▸ What is being asked:
Transcribe exactly the line with "White ceramic apple" and each line that follows it in the listing, down to the last, omitting all pictures.

▸ Data segment:
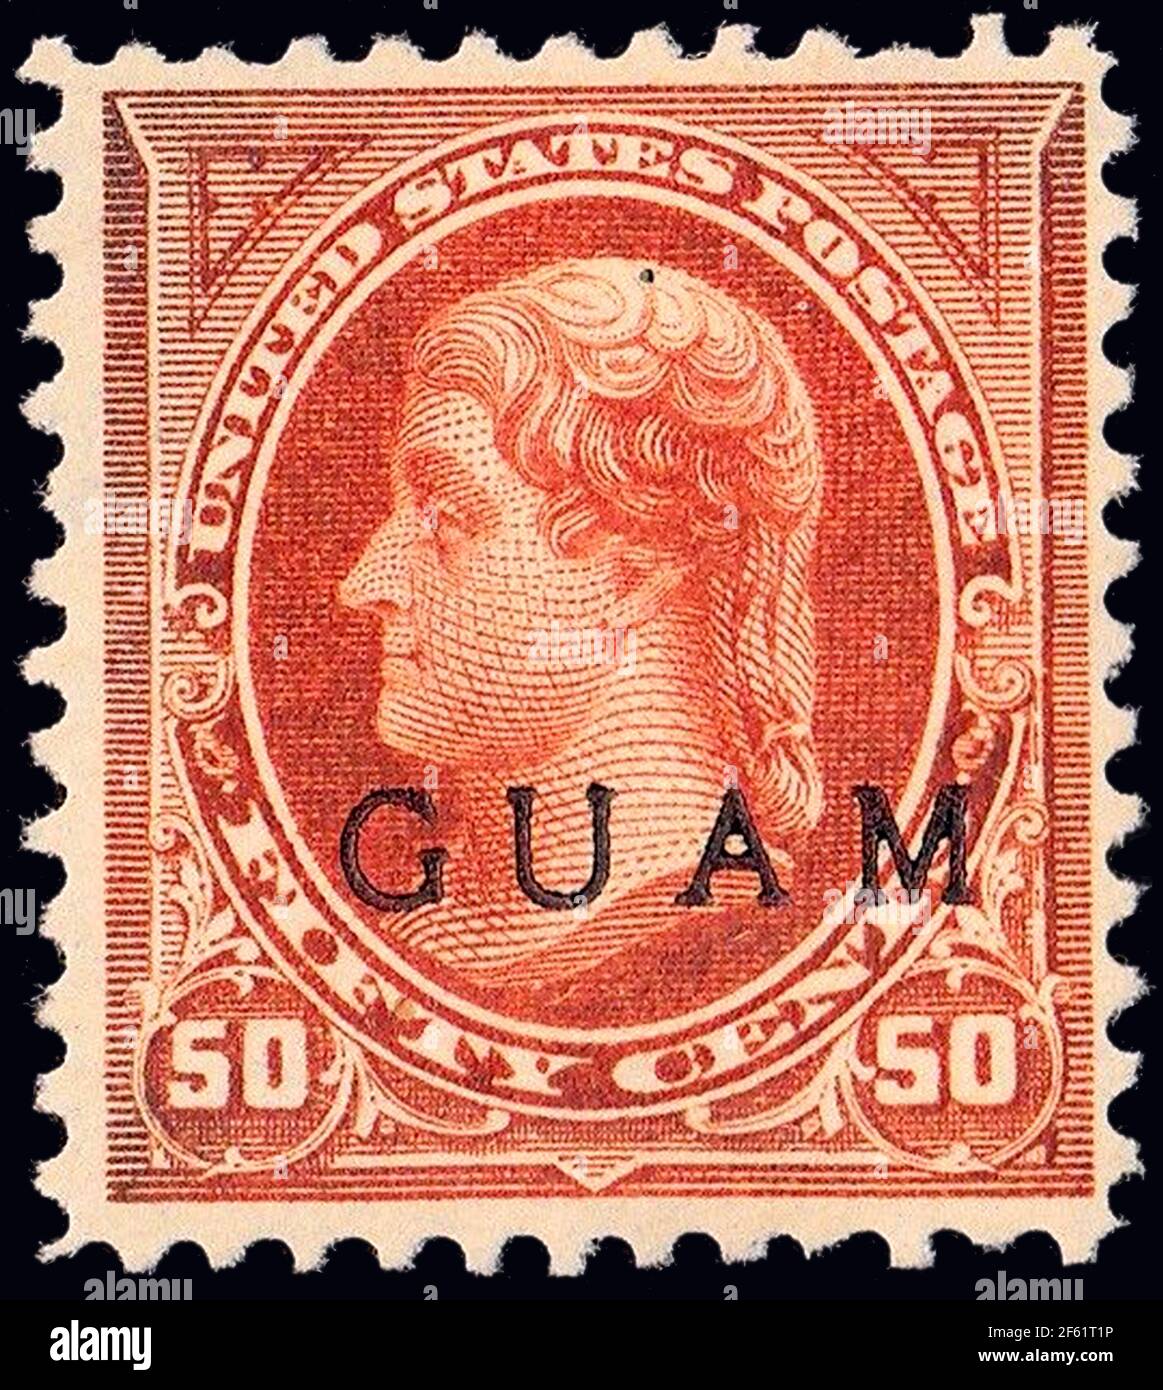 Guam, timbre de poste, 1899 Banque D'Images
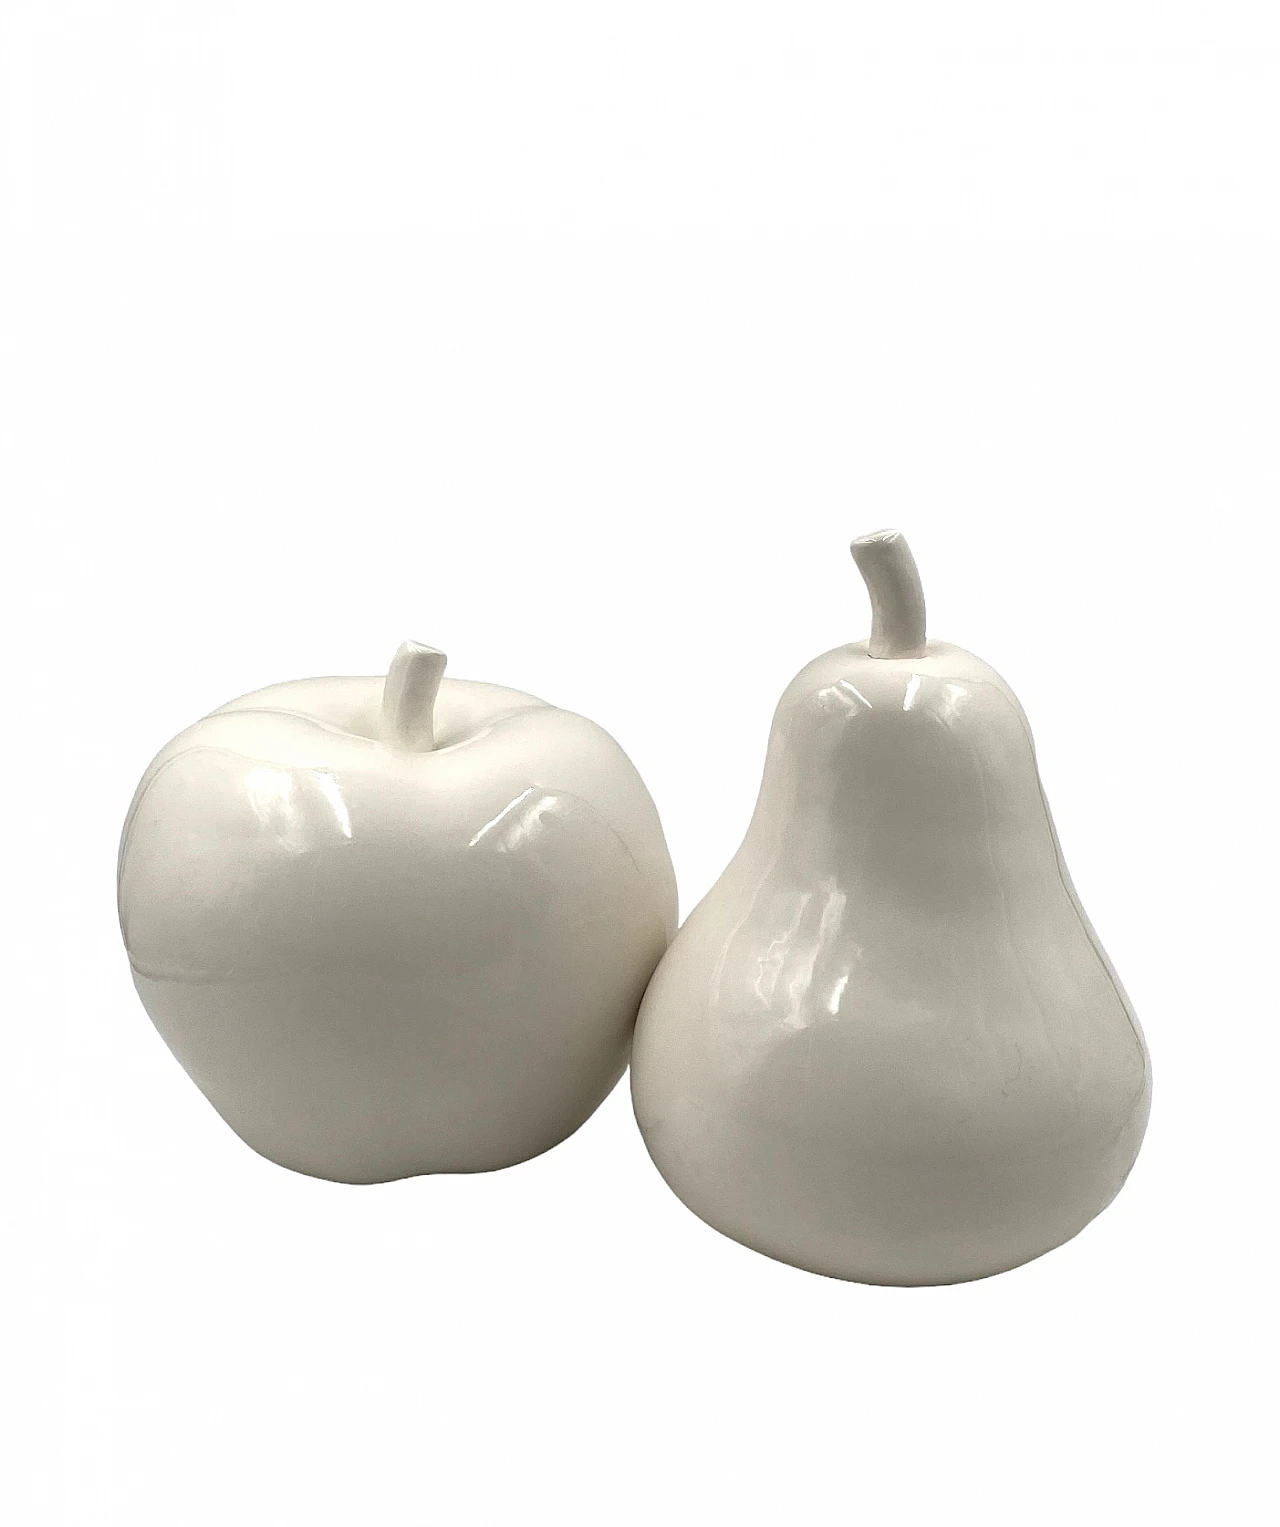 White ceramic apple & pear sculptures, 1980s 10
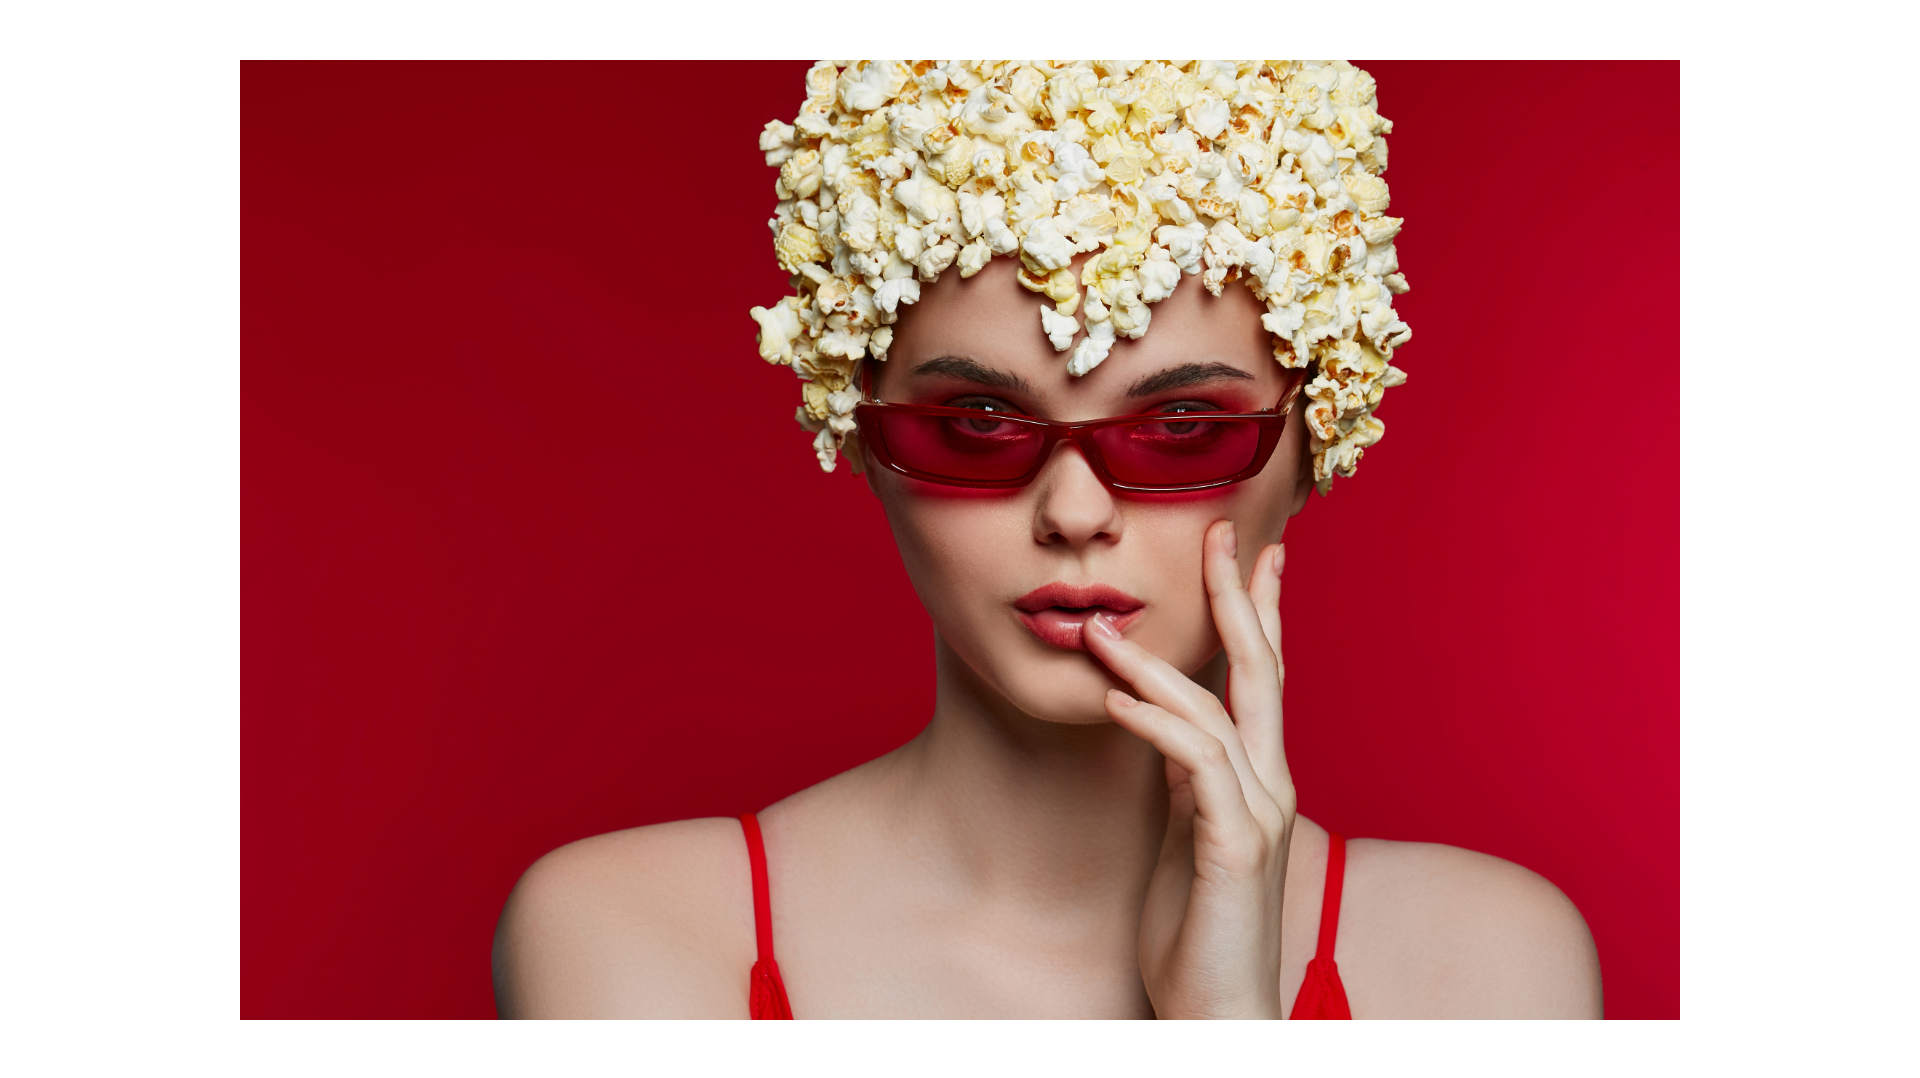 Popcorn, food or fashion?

▸ Response area:
 White ceramic apple & pear sculptures, 1980s 10
 Popcorn, food or fashion?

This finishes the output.